Material provided ::
··········

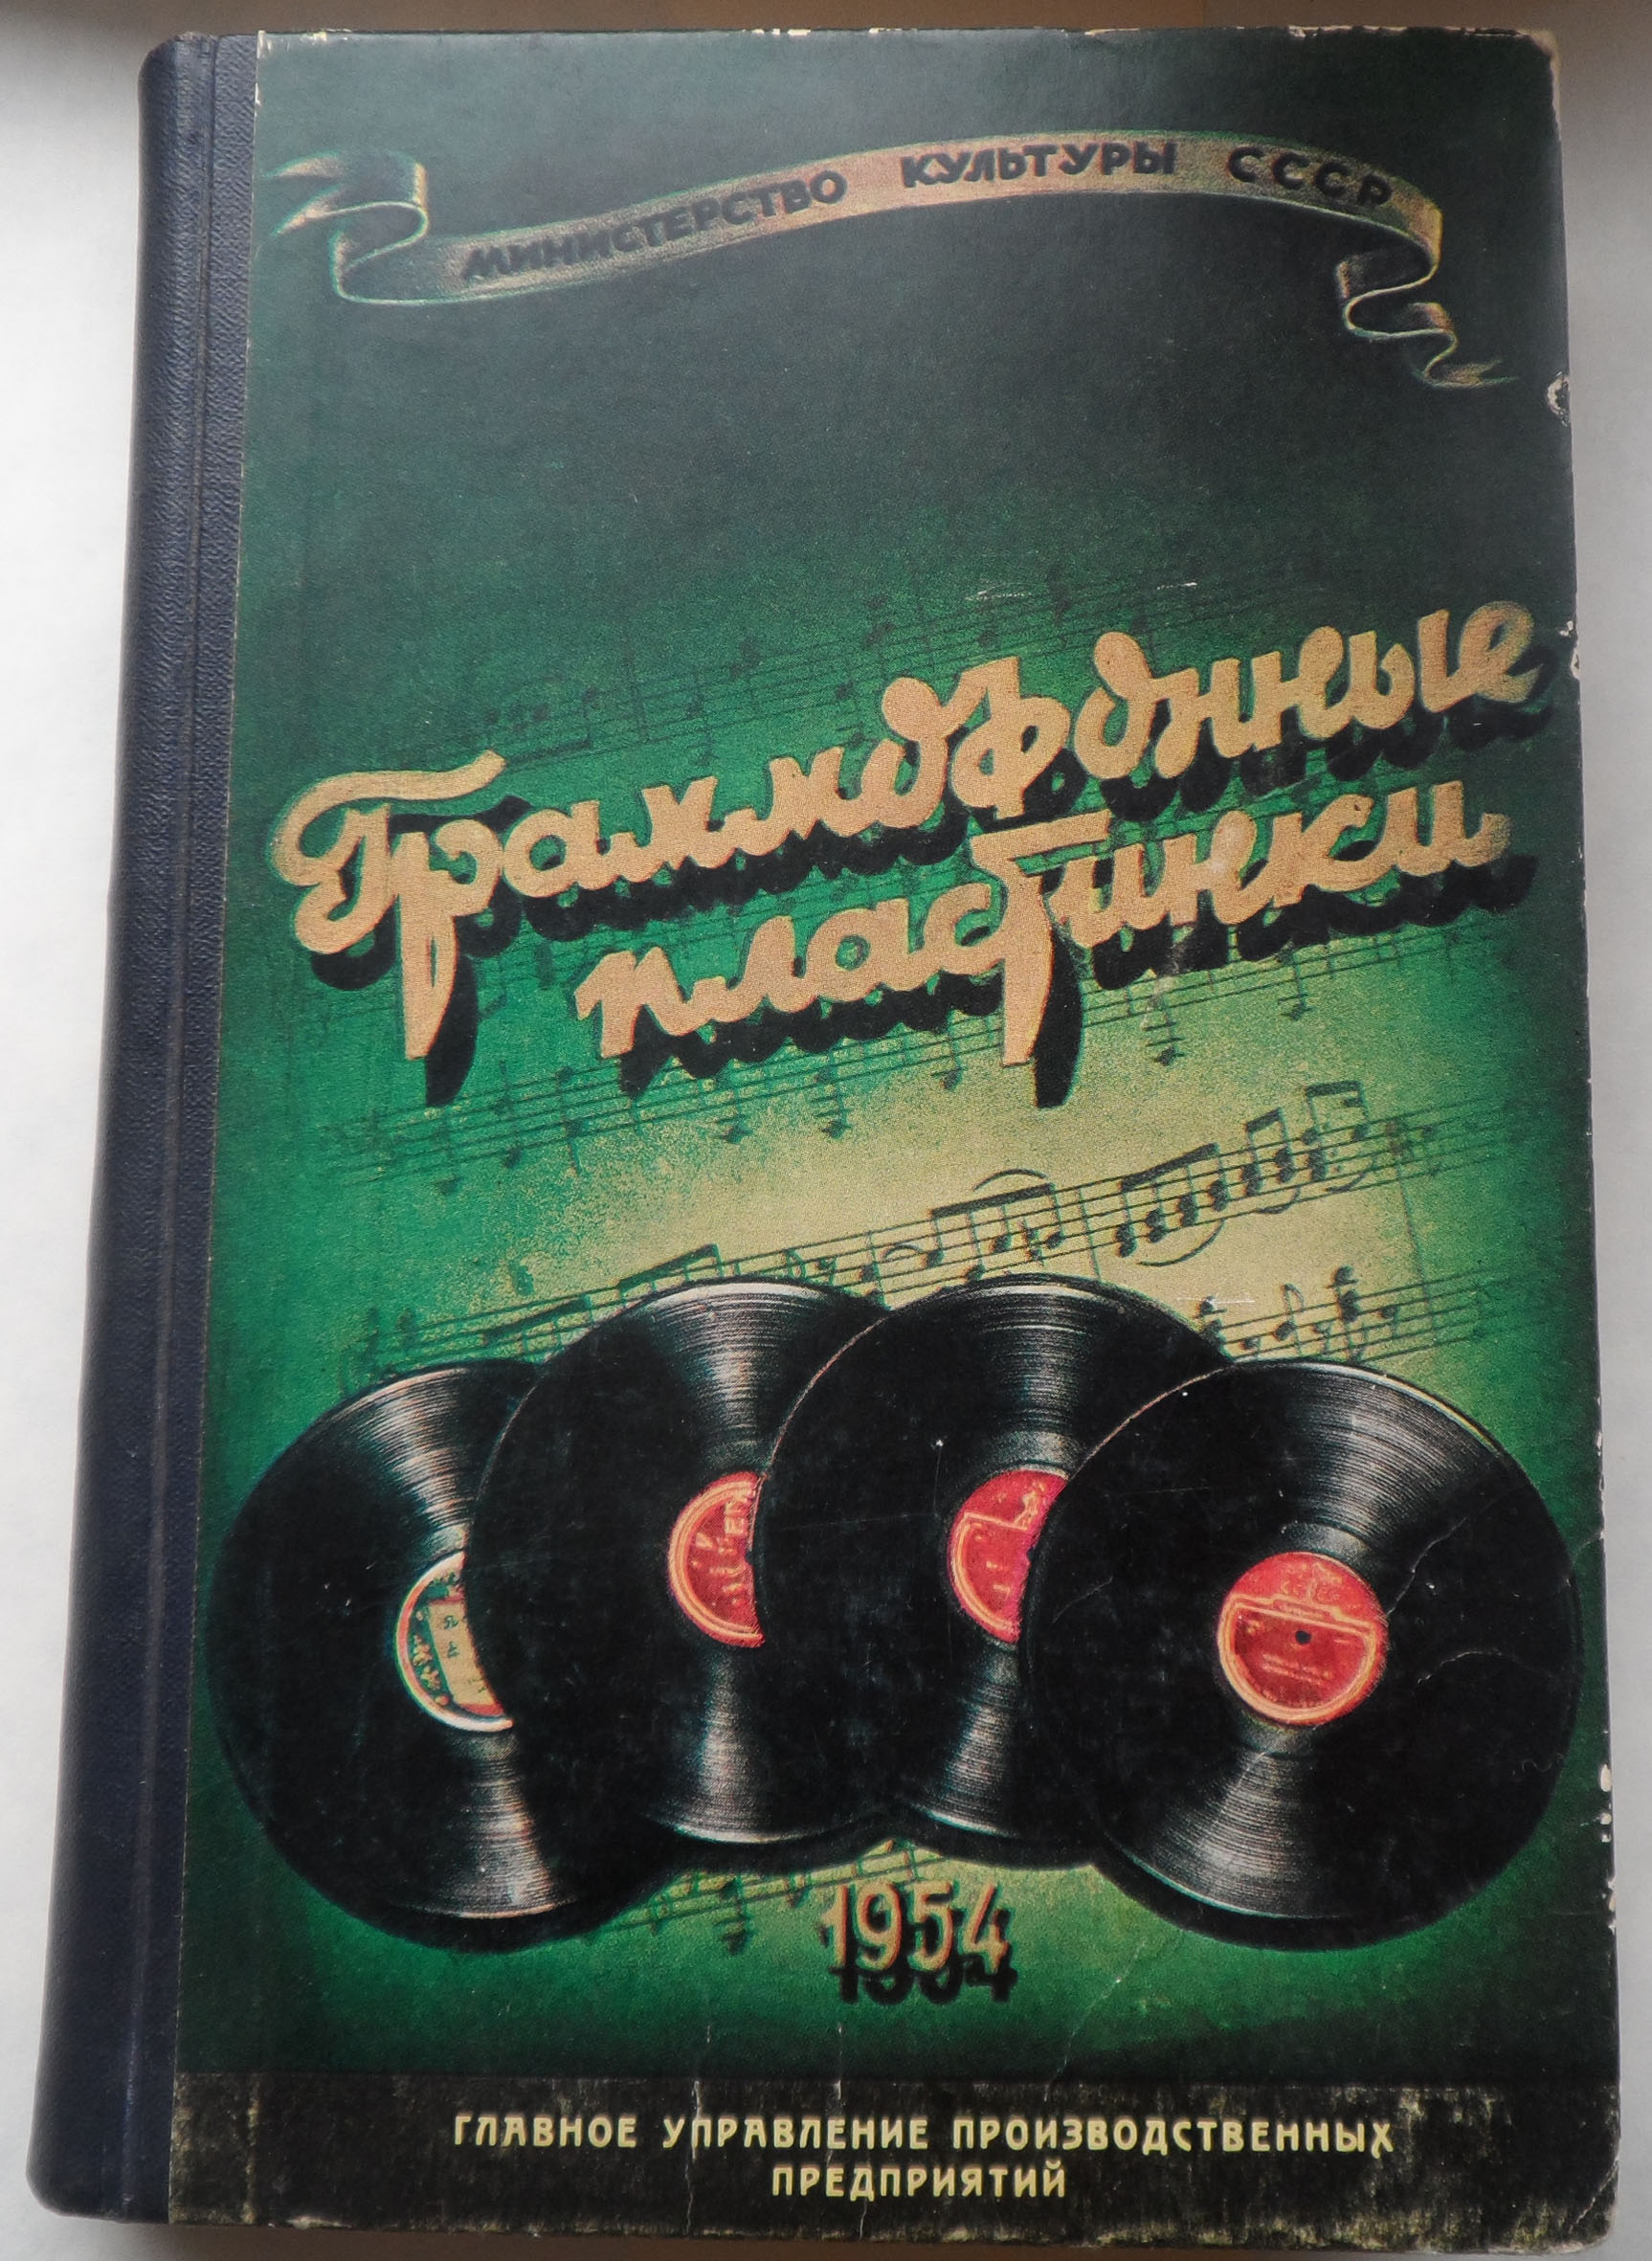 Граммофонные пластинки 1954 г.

··········

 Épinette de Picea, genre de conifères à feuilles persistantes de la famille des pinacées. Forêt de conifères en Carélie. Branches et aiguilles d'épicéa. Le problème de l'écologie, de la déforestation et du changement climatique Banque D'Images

··········

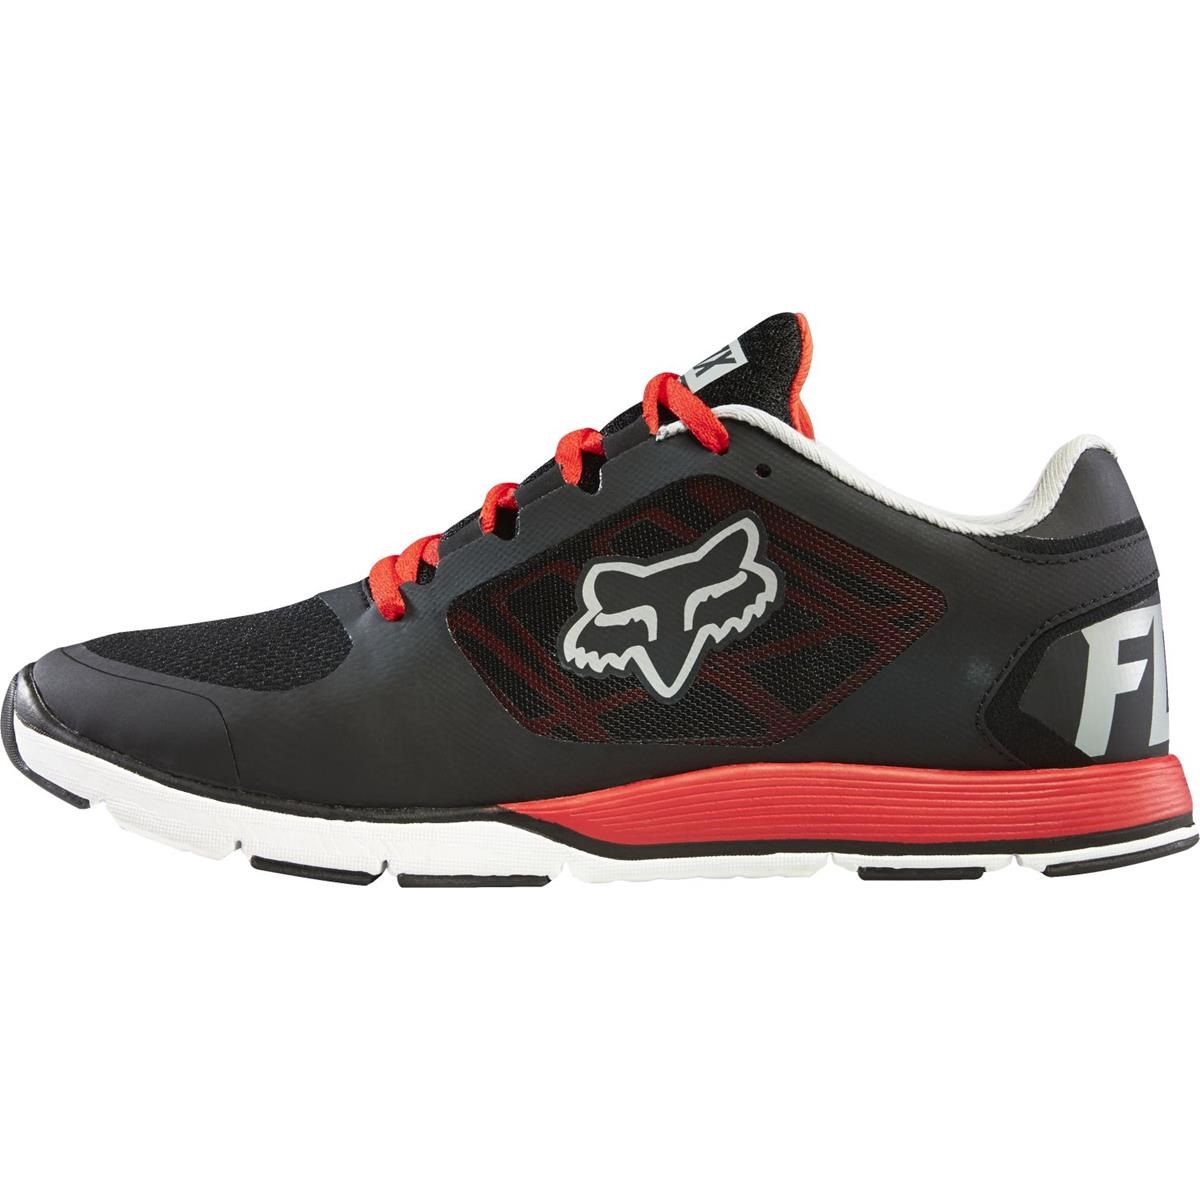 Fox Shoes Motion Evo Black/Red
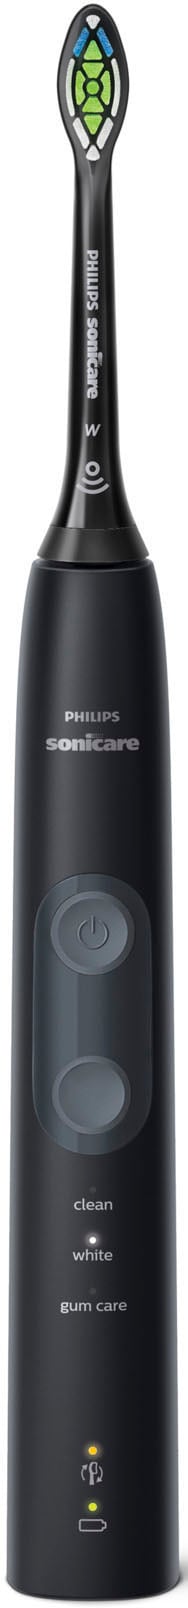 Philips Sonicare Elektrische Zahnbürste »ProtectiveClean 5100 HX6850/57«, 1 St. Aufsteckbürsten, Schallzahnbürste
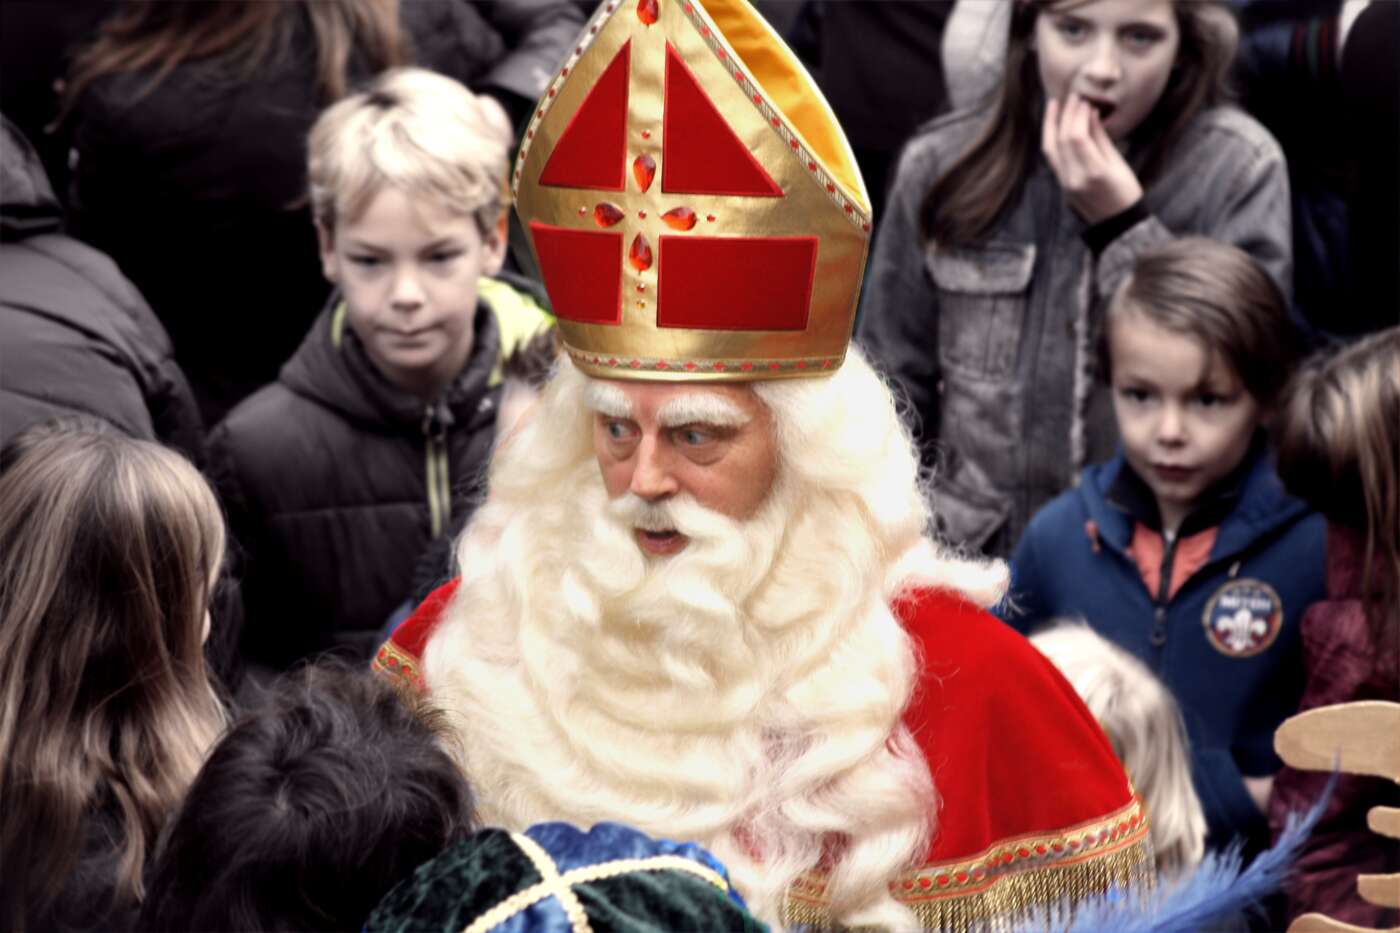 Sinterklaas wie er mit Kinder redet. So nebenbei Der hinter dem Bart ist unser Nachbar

··········

What is required :: When you reach the line holding "Philips Sonicare Elektrische" in the listing above, begin retyping exactly, and stop once the line holding "Sinterklaas wie er" is done; pictures stay out.

Answer to the exercise ::
 Philips Sonicare Elektrische Zahnbürste »ProtectiveClean 5100 HX6850/57«, 1 St. Aufsteckbürsten, Schallzahnbürste
 Sinterklaas wie er mit Kinder redet. So nebenbei Der hinter dem Bart ist unser Nachbar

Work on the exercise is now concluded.